TASK STATEMENT: Your task is to restate word for word the lines in the material below, from the one with "SR EMLAK'TAN PİYADE" up to and including the one with "OnePlus 7Pro Smartphone". Do not carry over the pictures.

··· GIVEN DATA ···

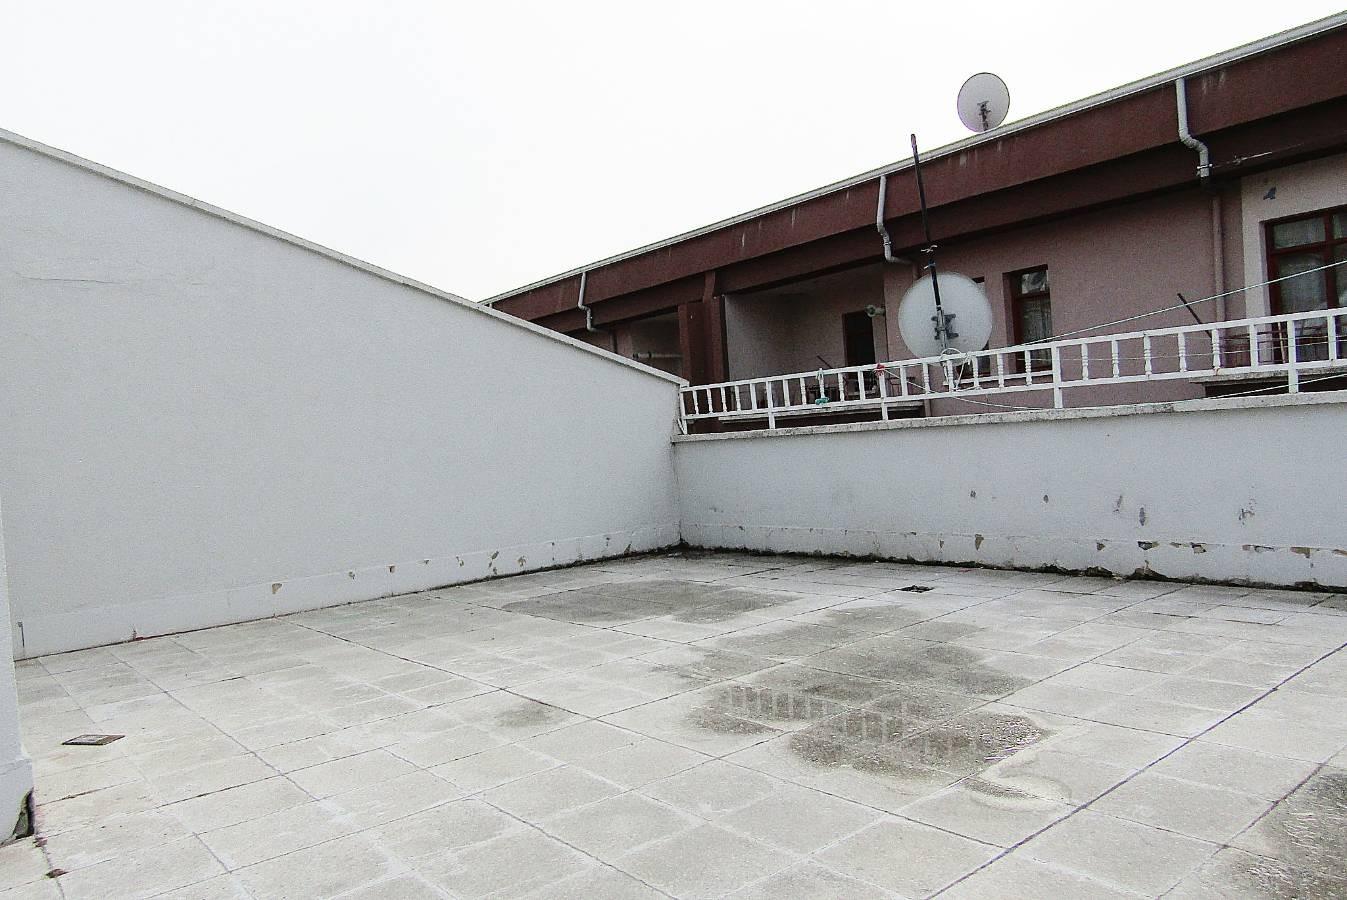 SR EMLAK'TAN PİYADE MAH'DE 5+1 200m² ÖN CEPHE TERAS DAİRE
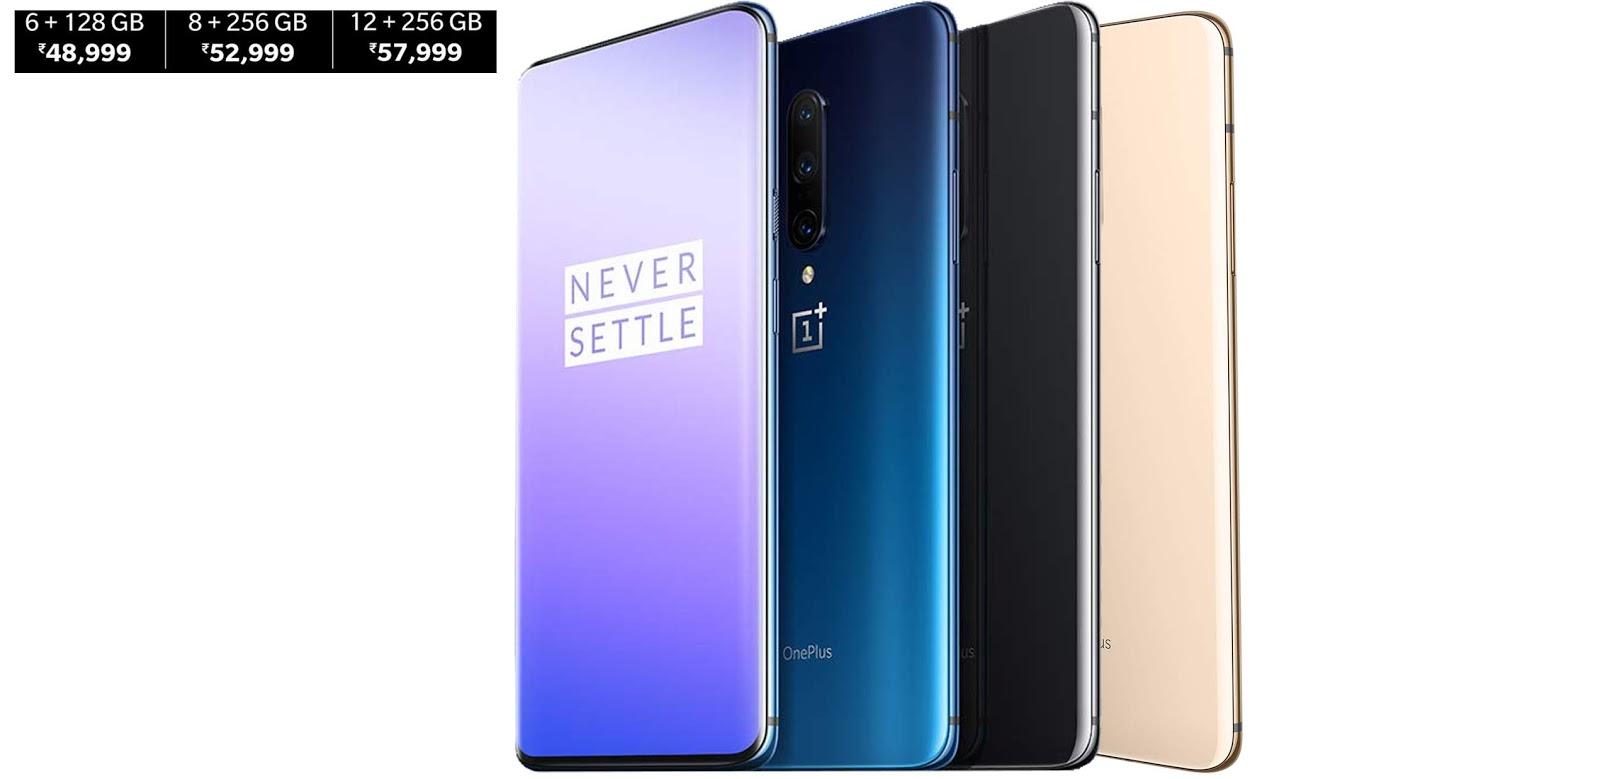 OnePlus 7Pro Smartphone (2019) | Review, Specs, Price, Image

···
··· GIVEN DATA ···

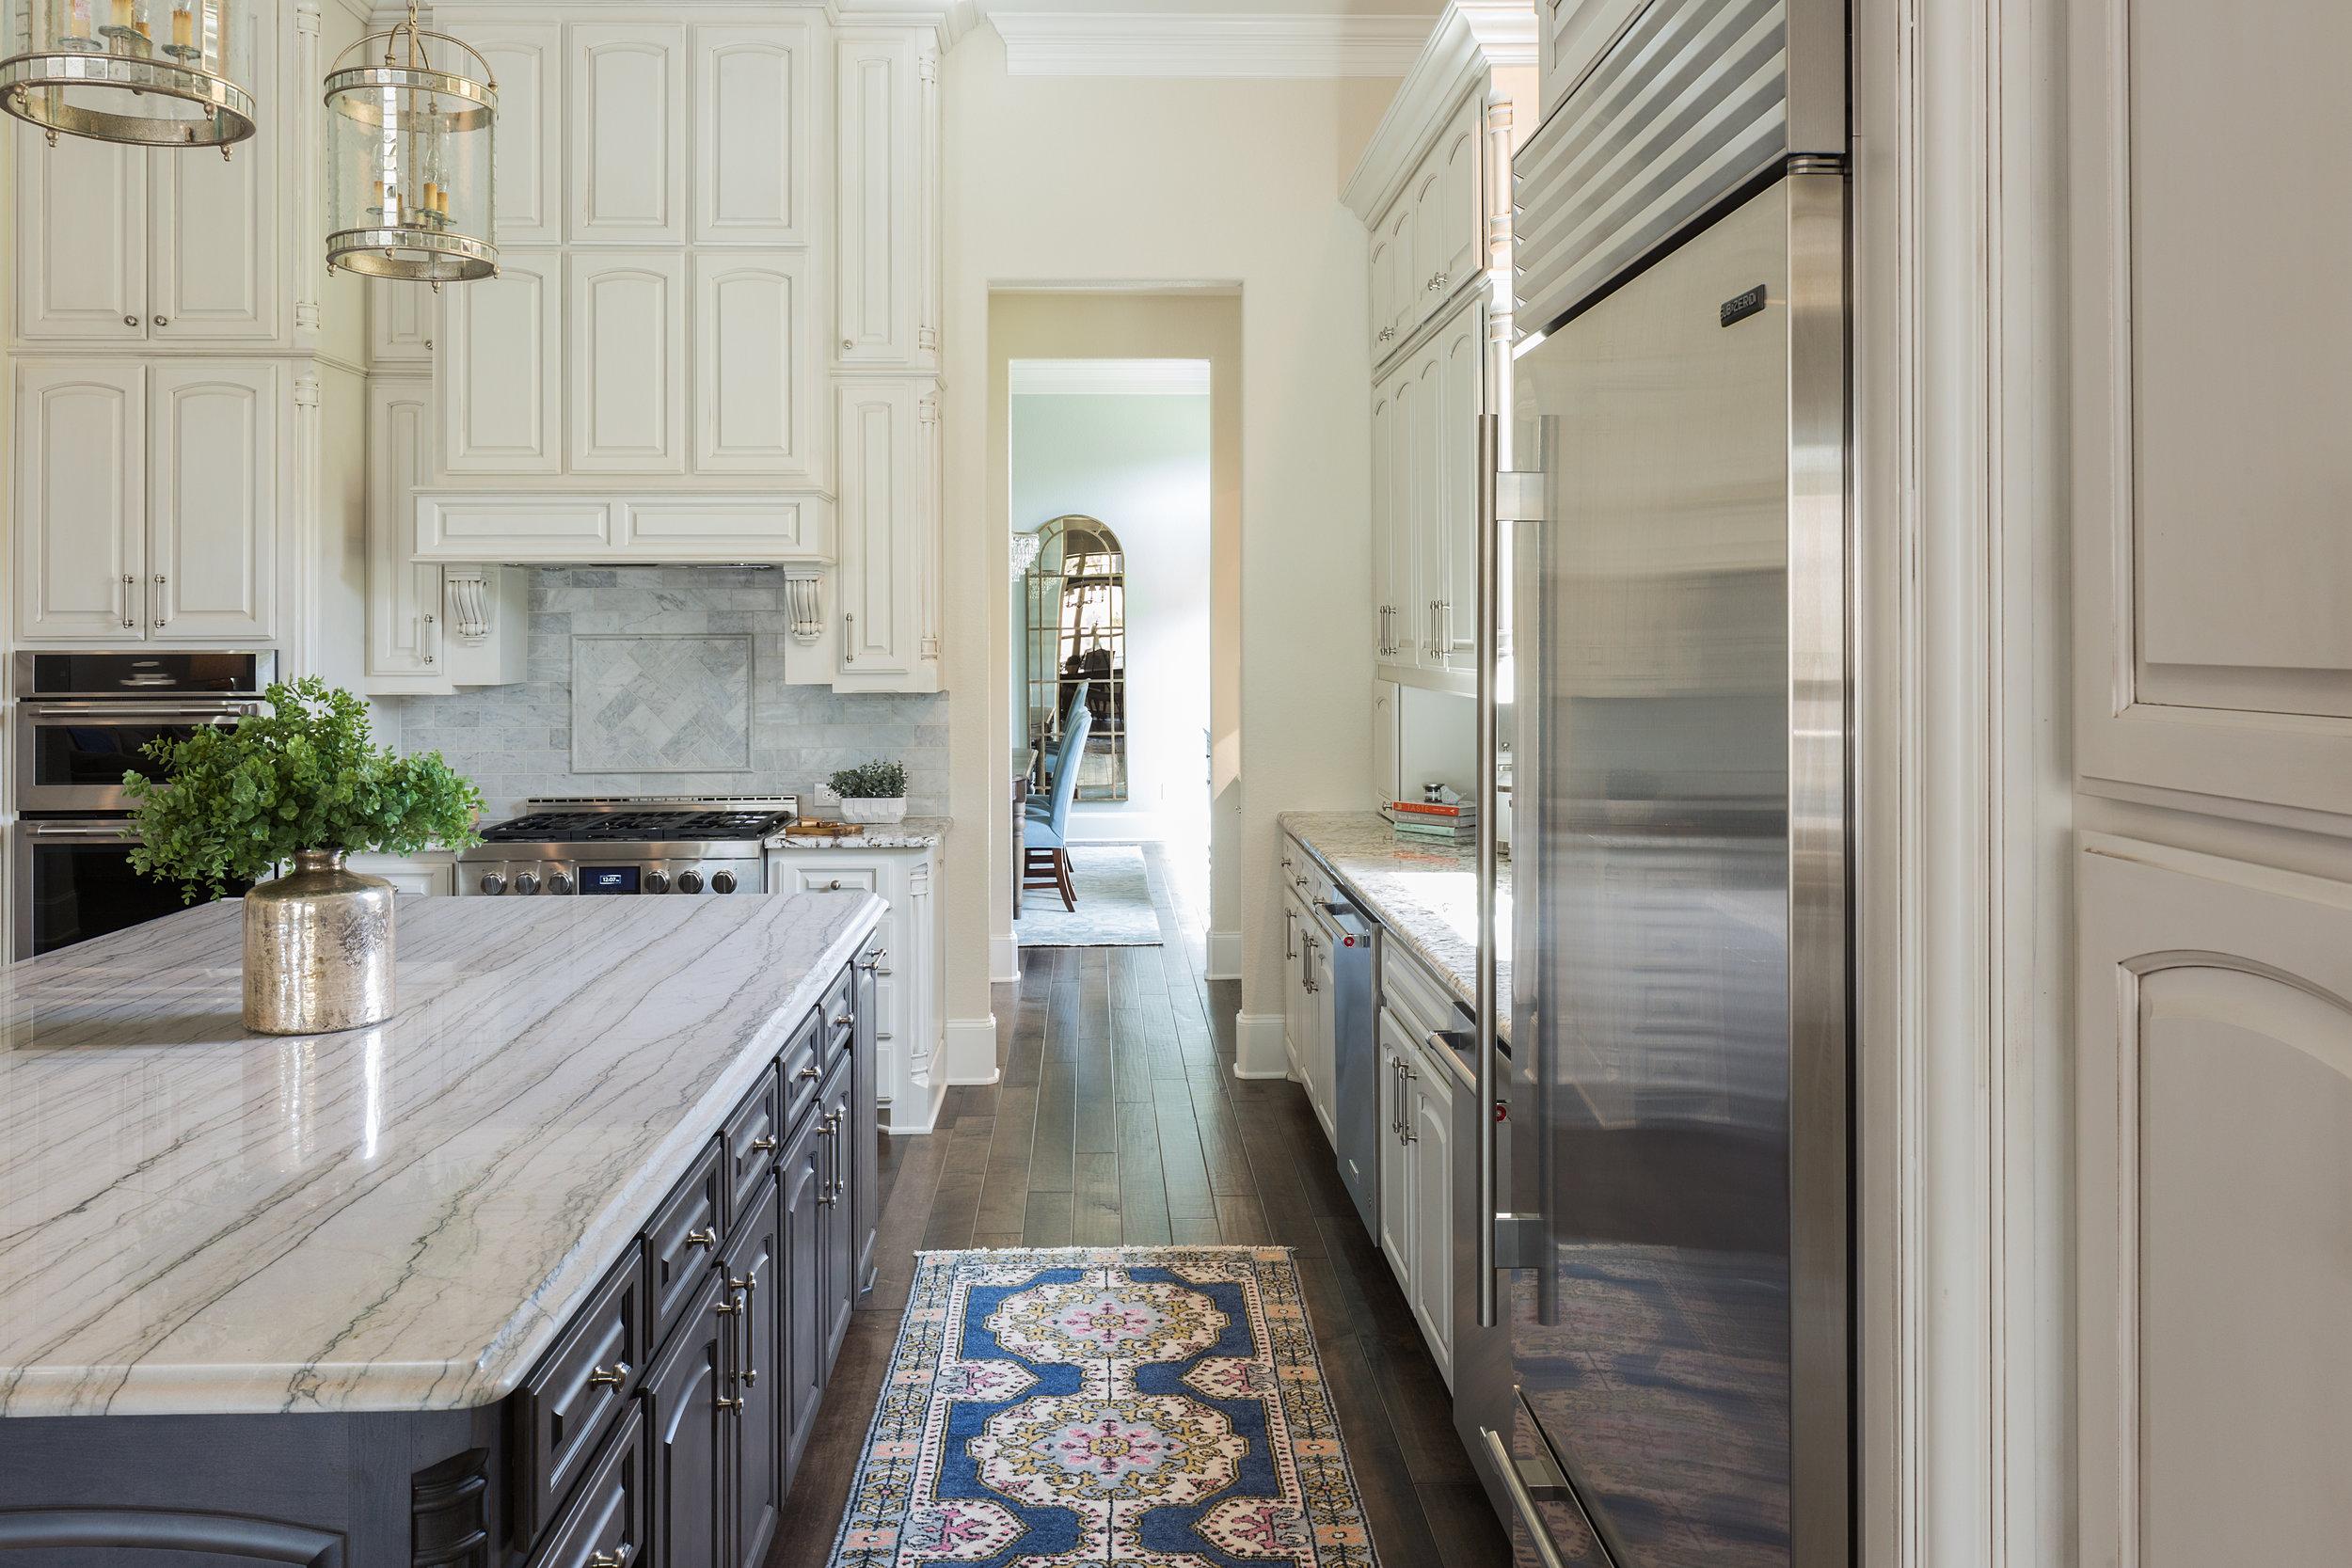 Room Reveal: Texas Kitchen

···

OUTPUT OF THE EXERCISE:
 SR EMLAK'TAN PİYADE MAH'DE 5+1 200m² ÖN CEPHE TERAS DAİRE
 OnePlus 7Pro Smartphone (2019) | Review, Specs, Price, Image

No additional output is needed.